**WHAT IS REQUIRED:** If a picture appears, leave it out, and reproduce exactly the lines from the start of the listing below through the one bearing "85-bioshock-2-remastered-on-gog".
-=-=-
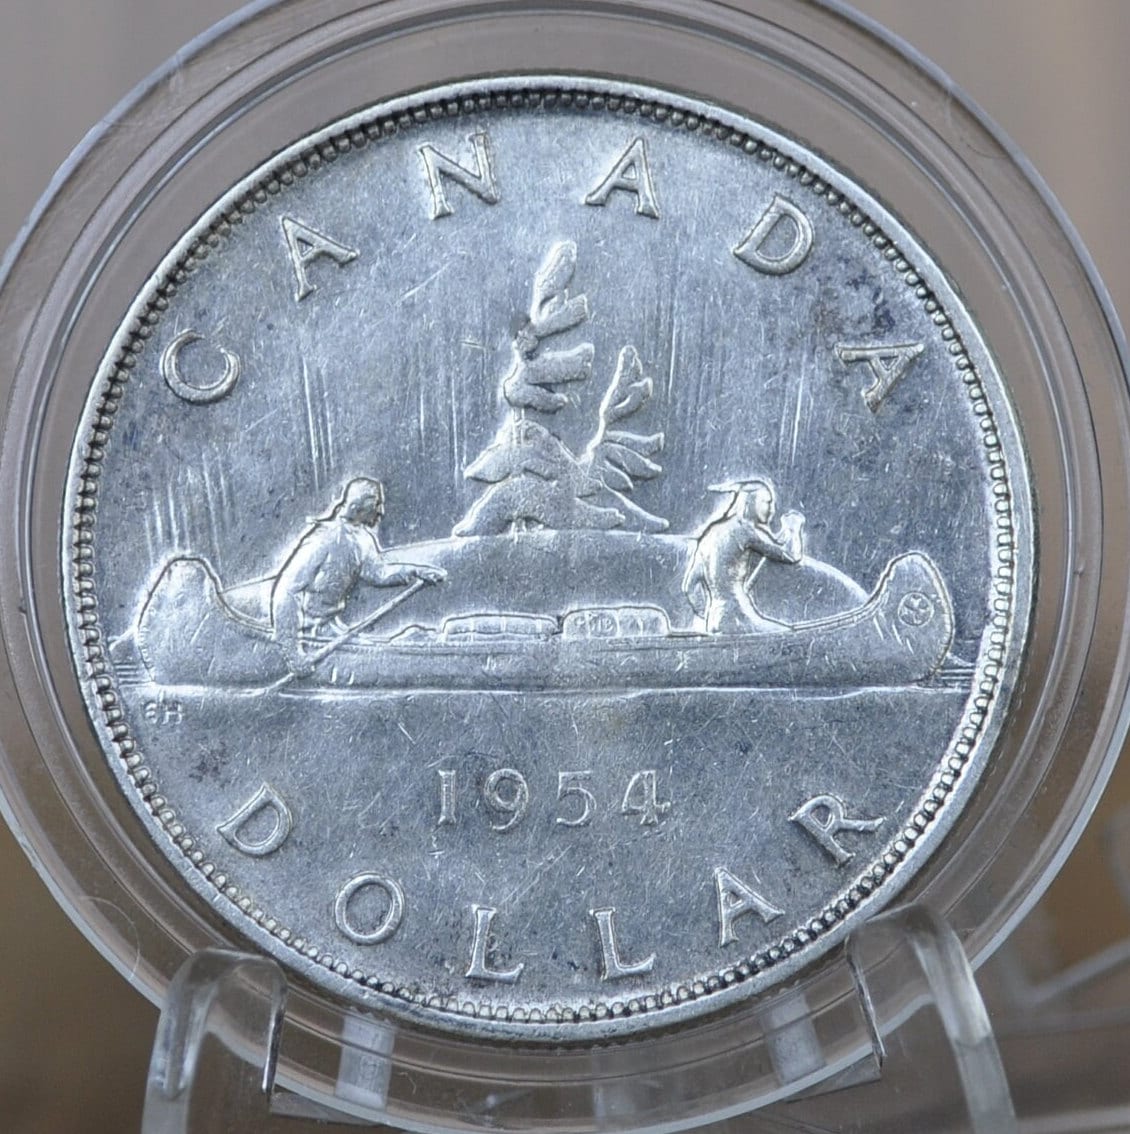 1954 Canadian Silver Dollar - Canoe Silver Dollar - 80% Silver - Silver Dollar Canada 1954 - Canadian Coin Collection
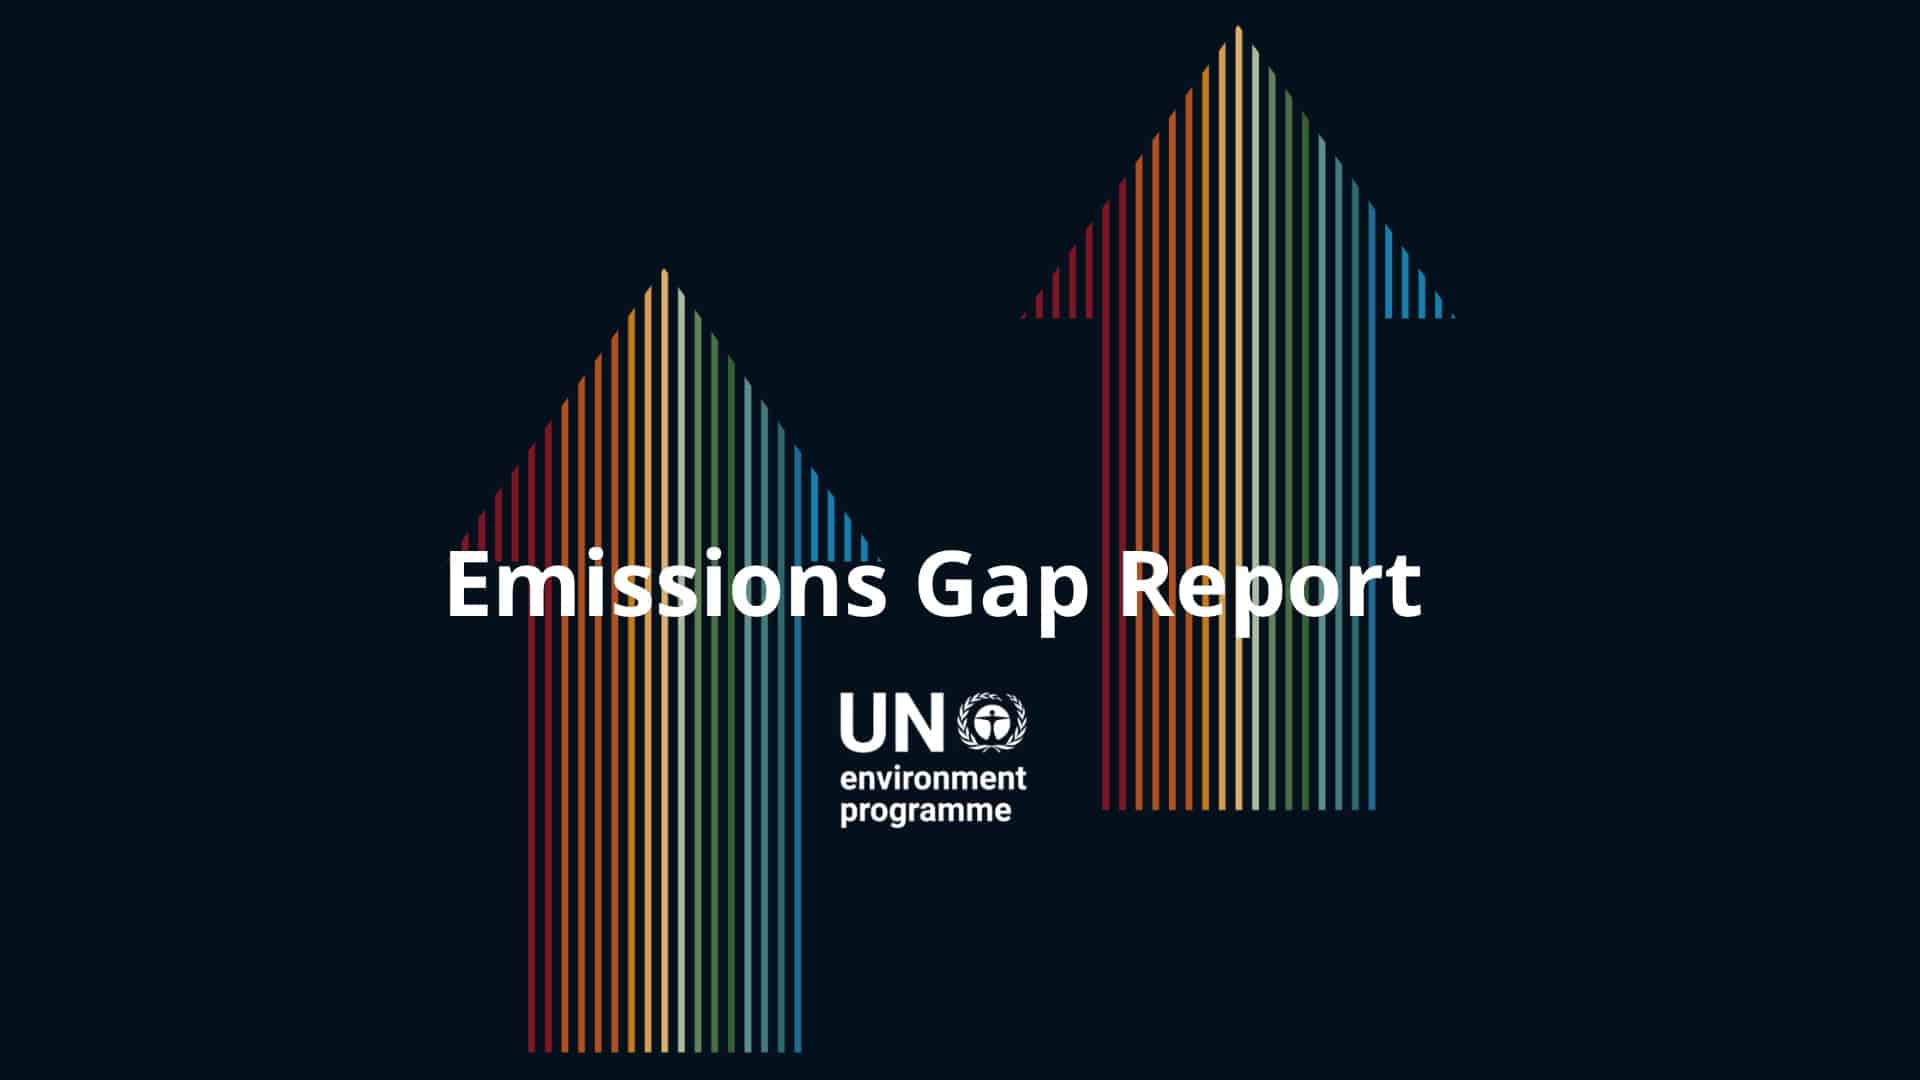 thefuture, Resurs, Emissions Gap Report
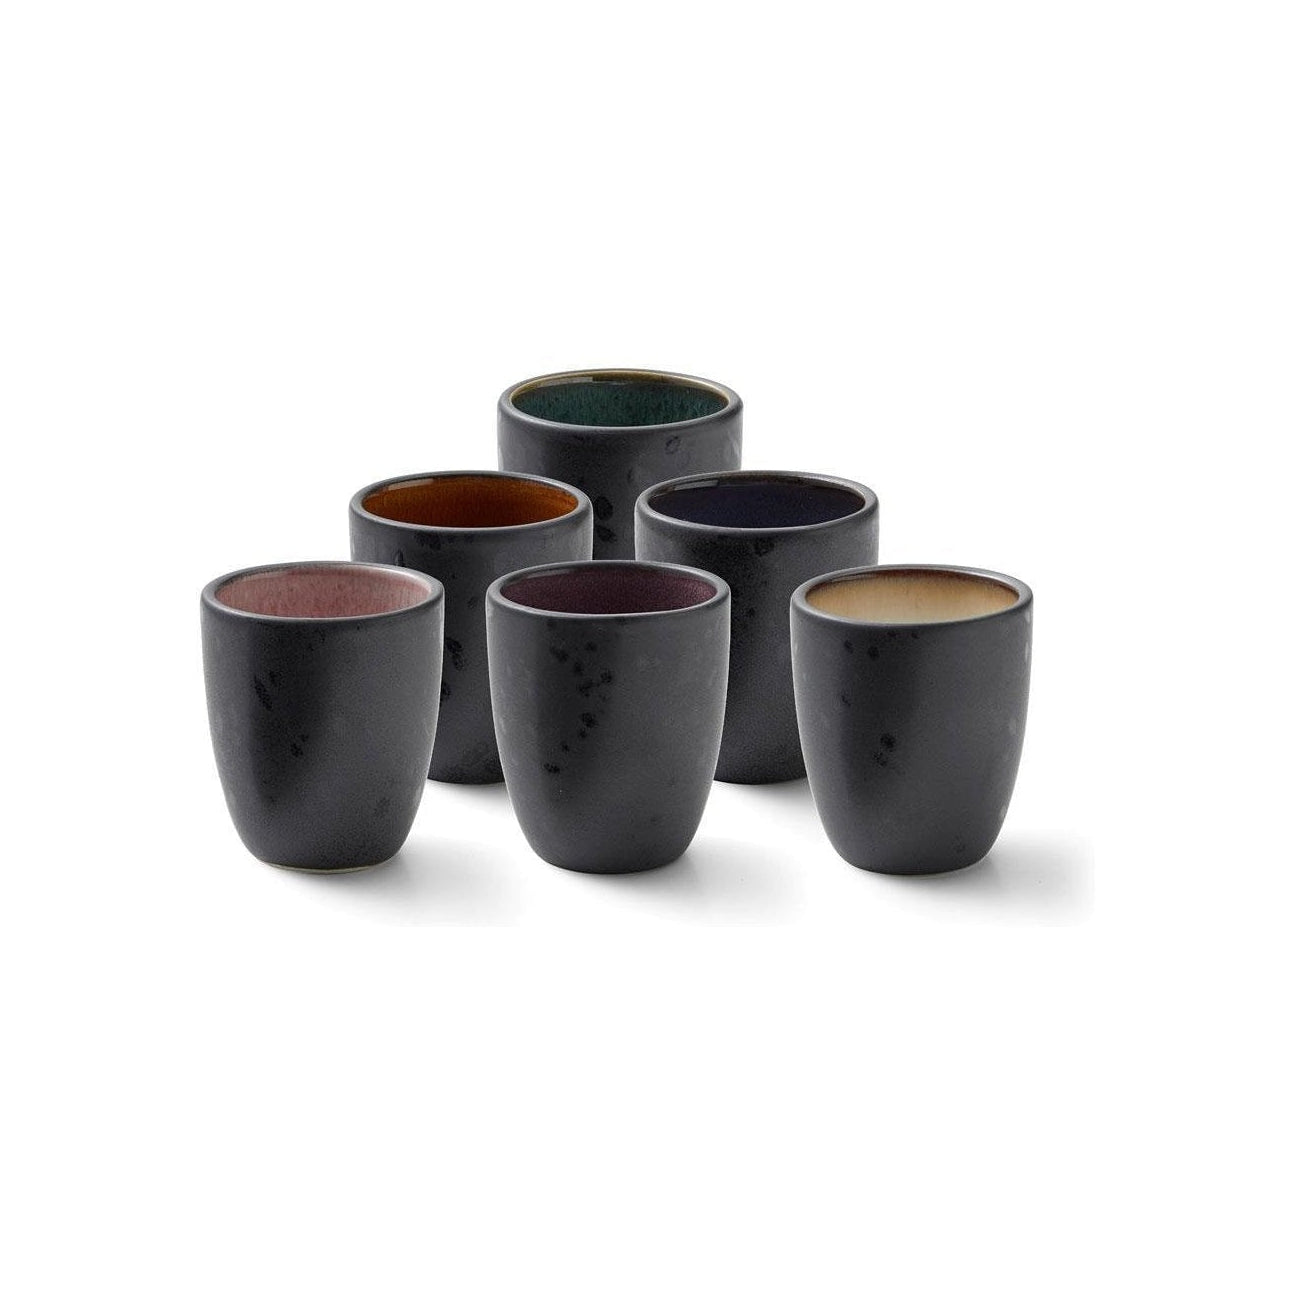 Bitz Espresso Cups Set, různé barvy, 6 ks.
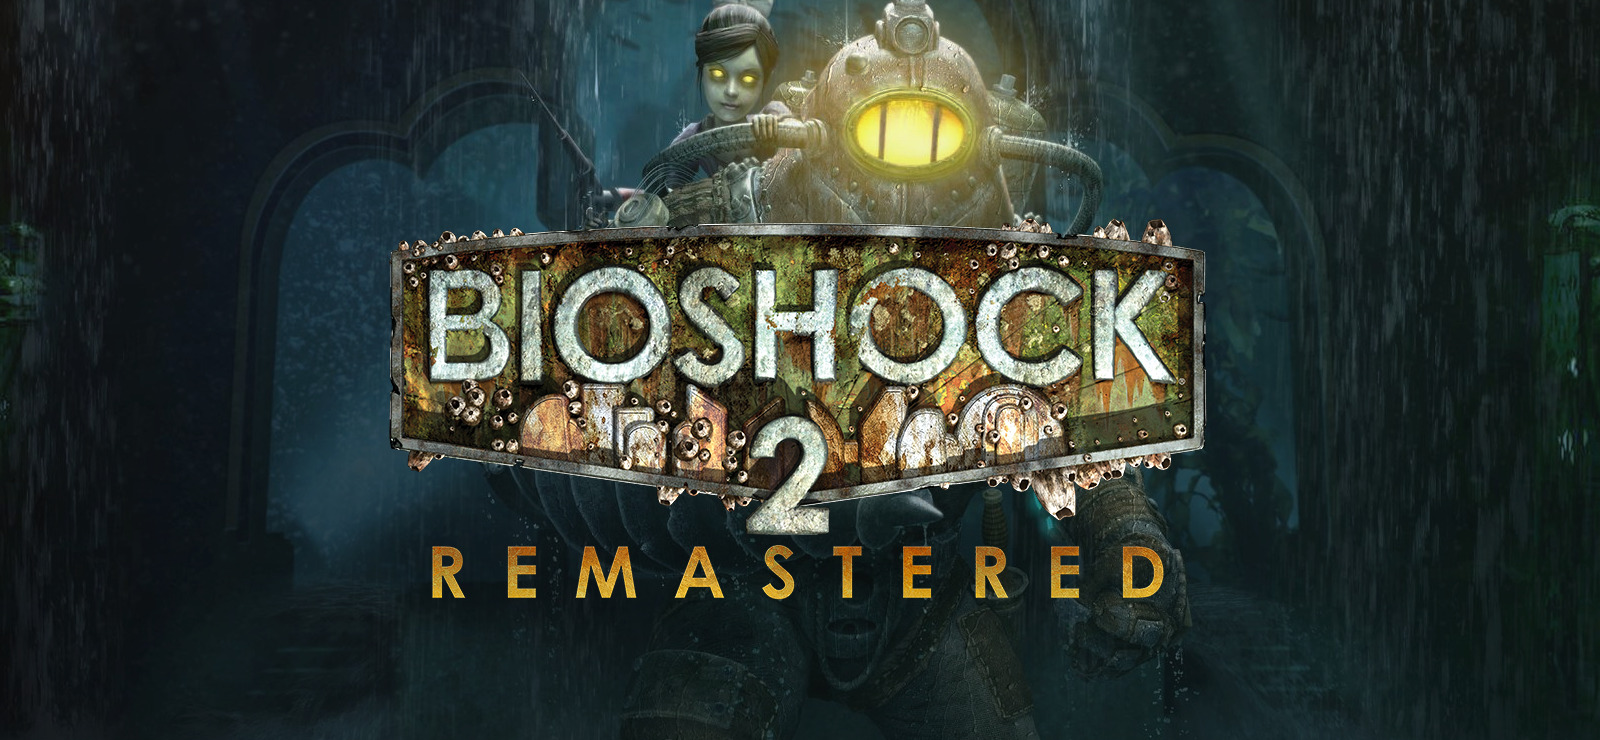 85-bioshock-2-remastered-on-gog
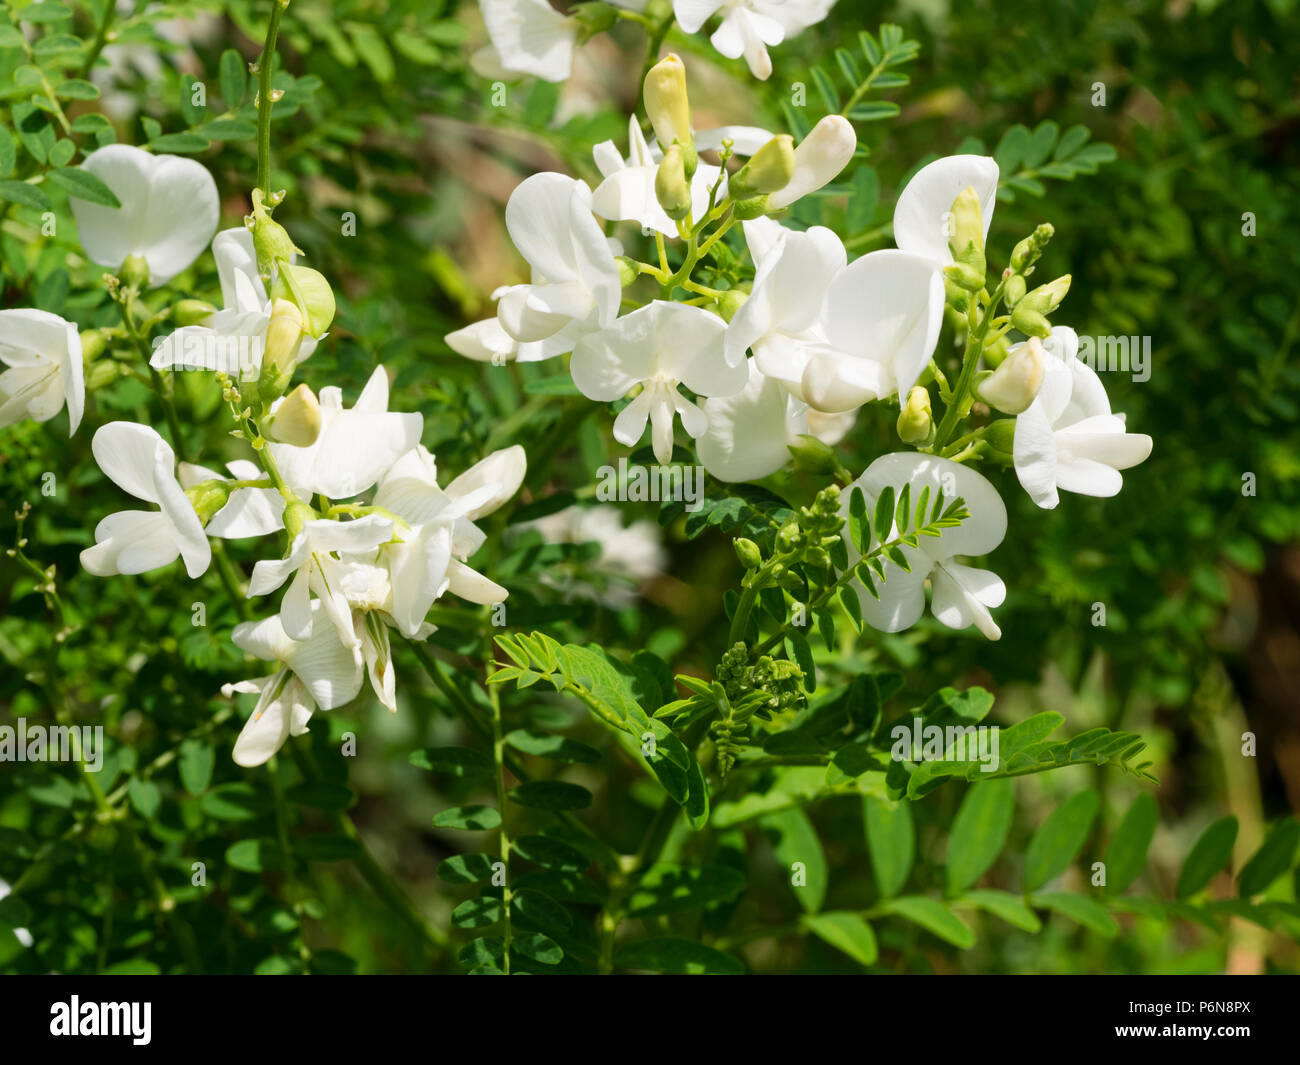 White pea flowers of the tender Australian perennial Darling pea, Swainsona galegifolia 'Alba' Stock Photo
-=-=-
**FINAL ANSWER:**
 1954 Canadian Silver Dollar - Canoe Silver Dollar - 80% Silver - Silver Dollar Canada 1954 - Canadian Coin Collection
 thefuture, Resurs, Emissions Gap Report
 Bitz Espresso Cups Set, různé barvy, 6 ks.
 85-bioshock-2-remastered-on-gog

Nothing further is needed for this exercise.